Print the data exactly as written, line for line, and leave its pictures behind.
== AVAILABLE DATA ==
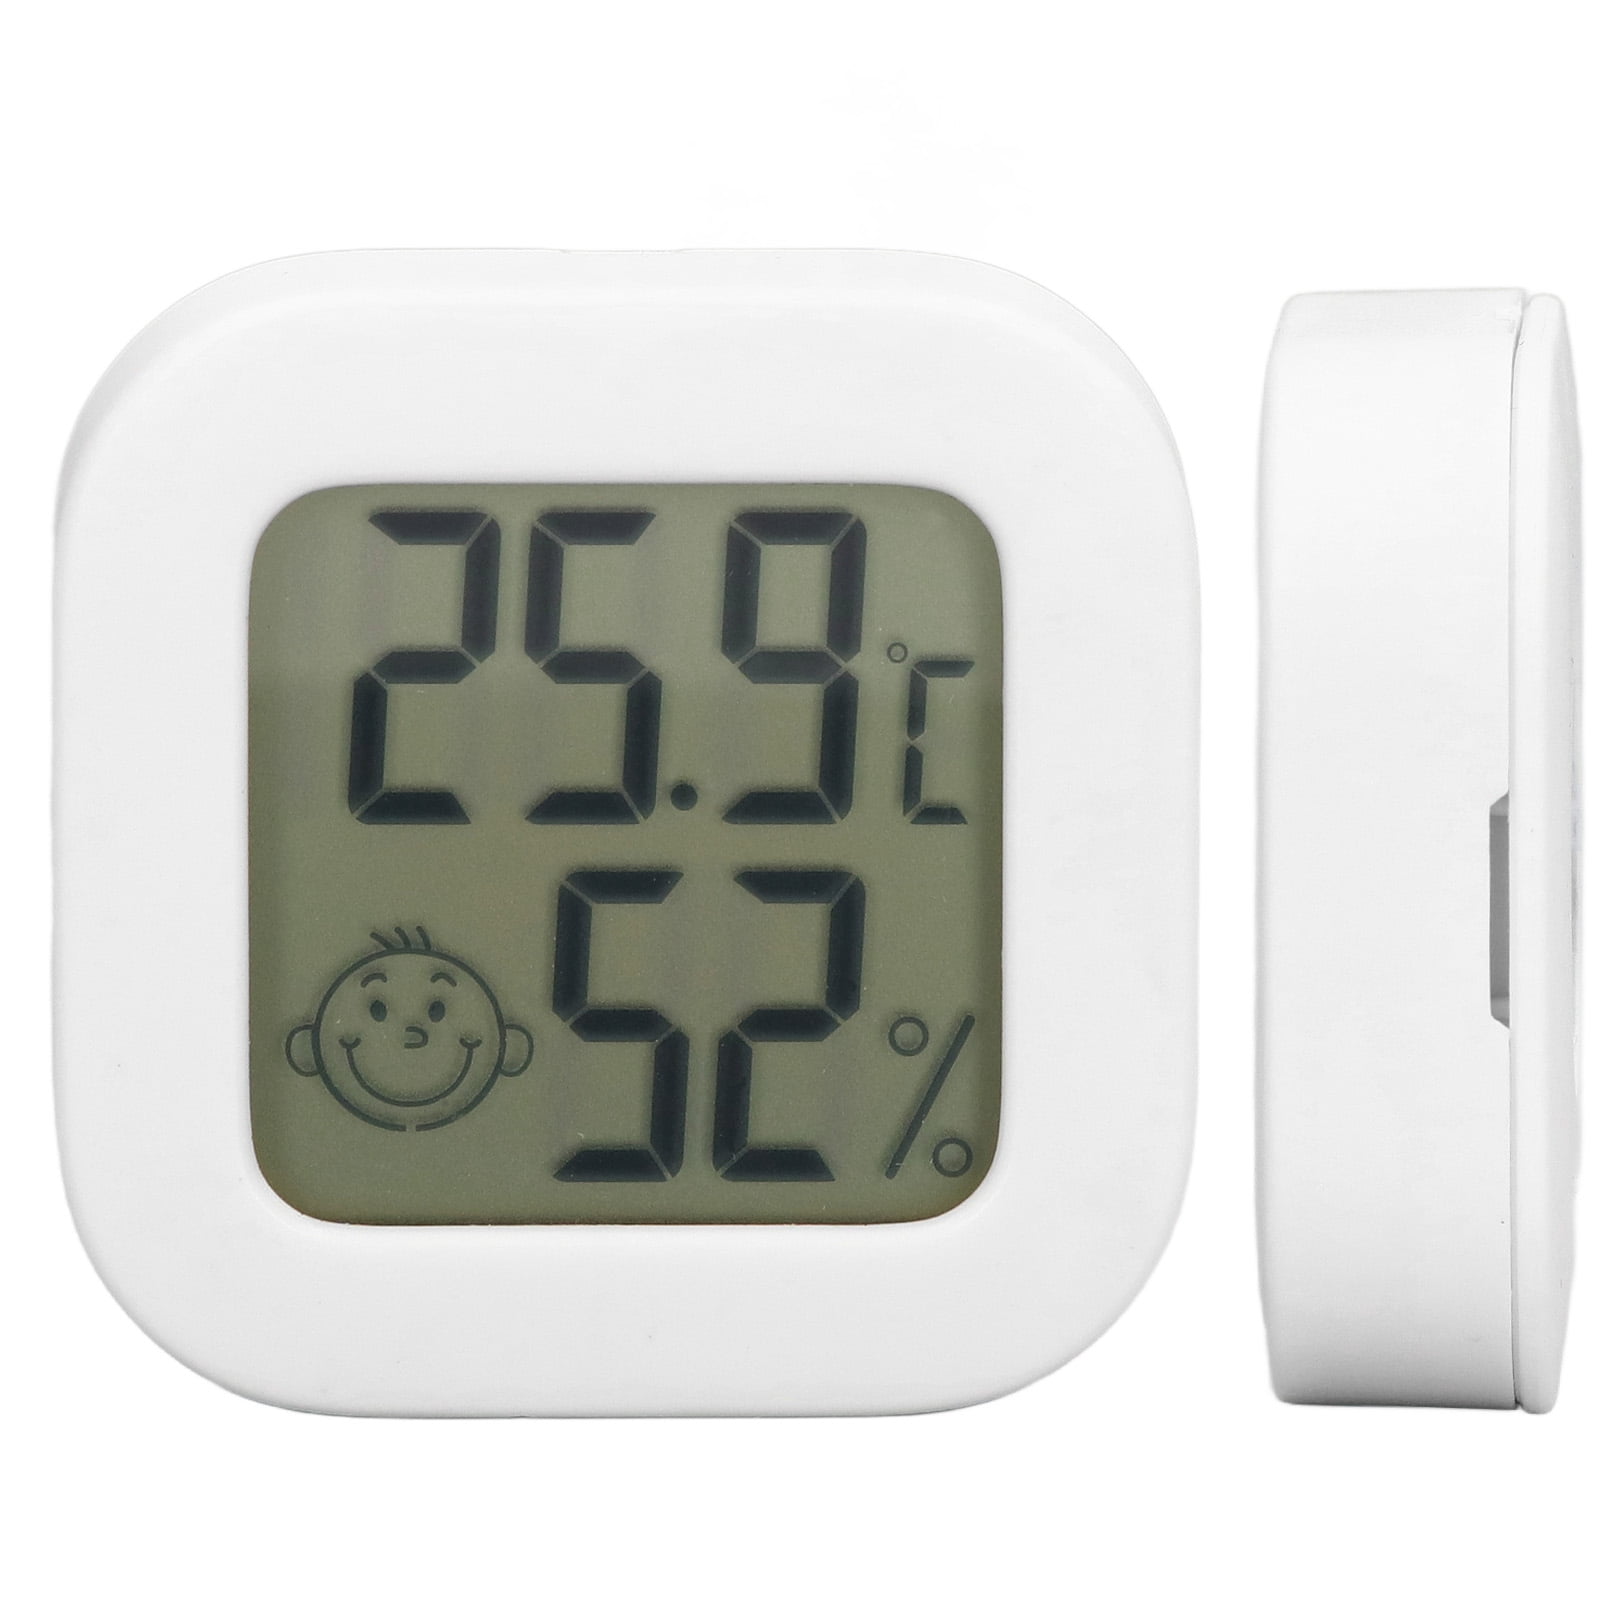 Temperature Gauge Temperature Meter Home Thermometer Humidity
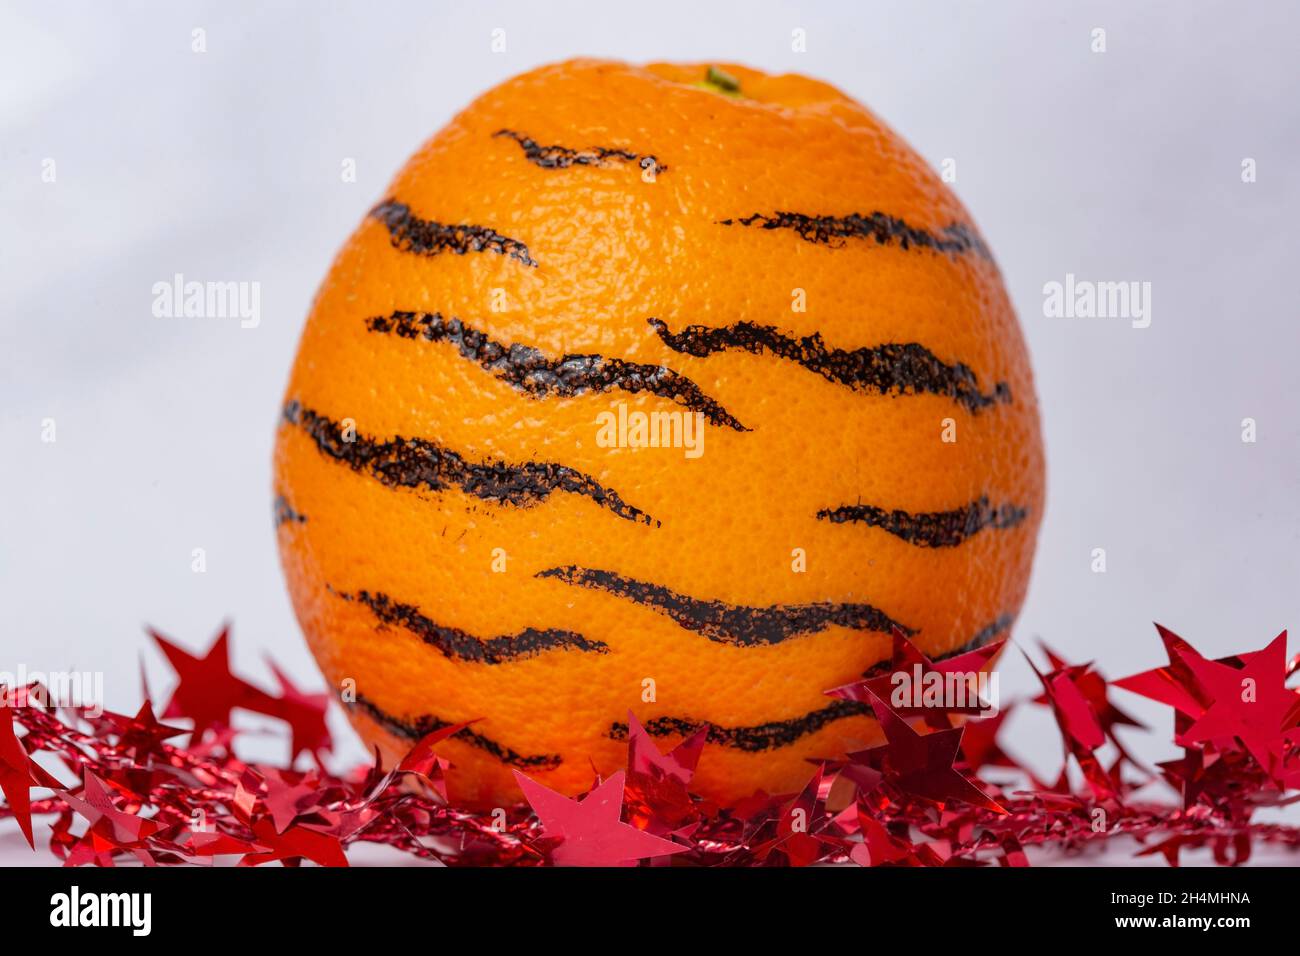 orange fruit with black stripes, happy new Chinese year 2022 Stock Photo
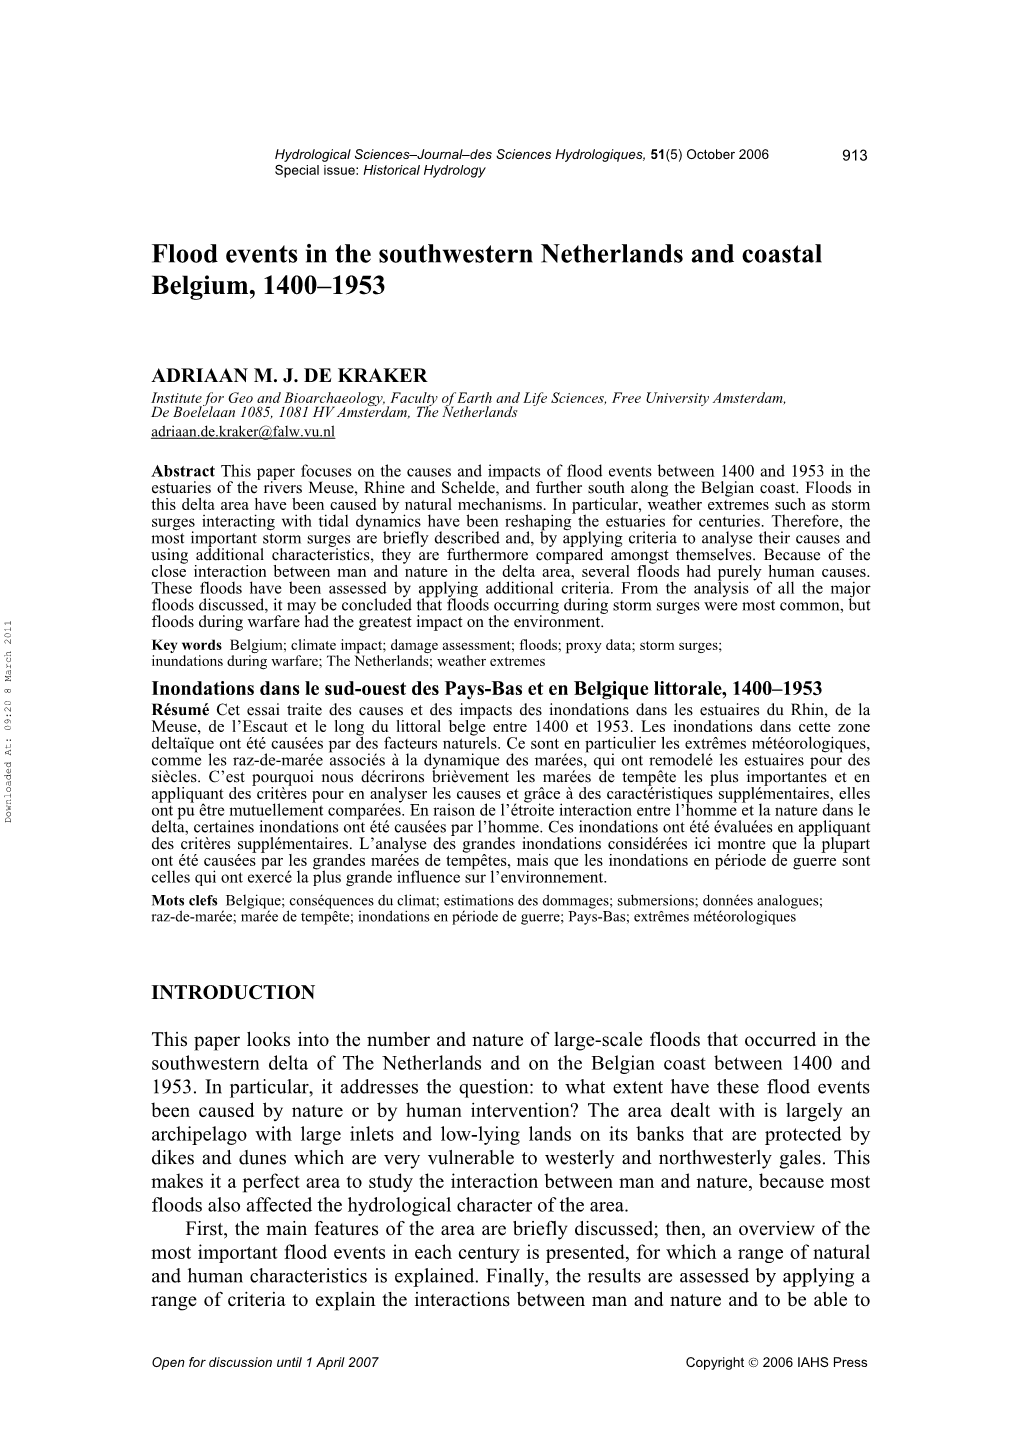 Flood Events in the Southwestern Netherlands and Coastal Belgium, 1400–1953
===
TASK SOLUTION —
 Temperature Gauge Temperature Meter Home Thermometer Humidity
 orange fruit with black stripes, happy new Chinese year 2022 Stock Photo
 Flood Events in the Southwestern Netherlands and Coastal Belgium, 1400–1953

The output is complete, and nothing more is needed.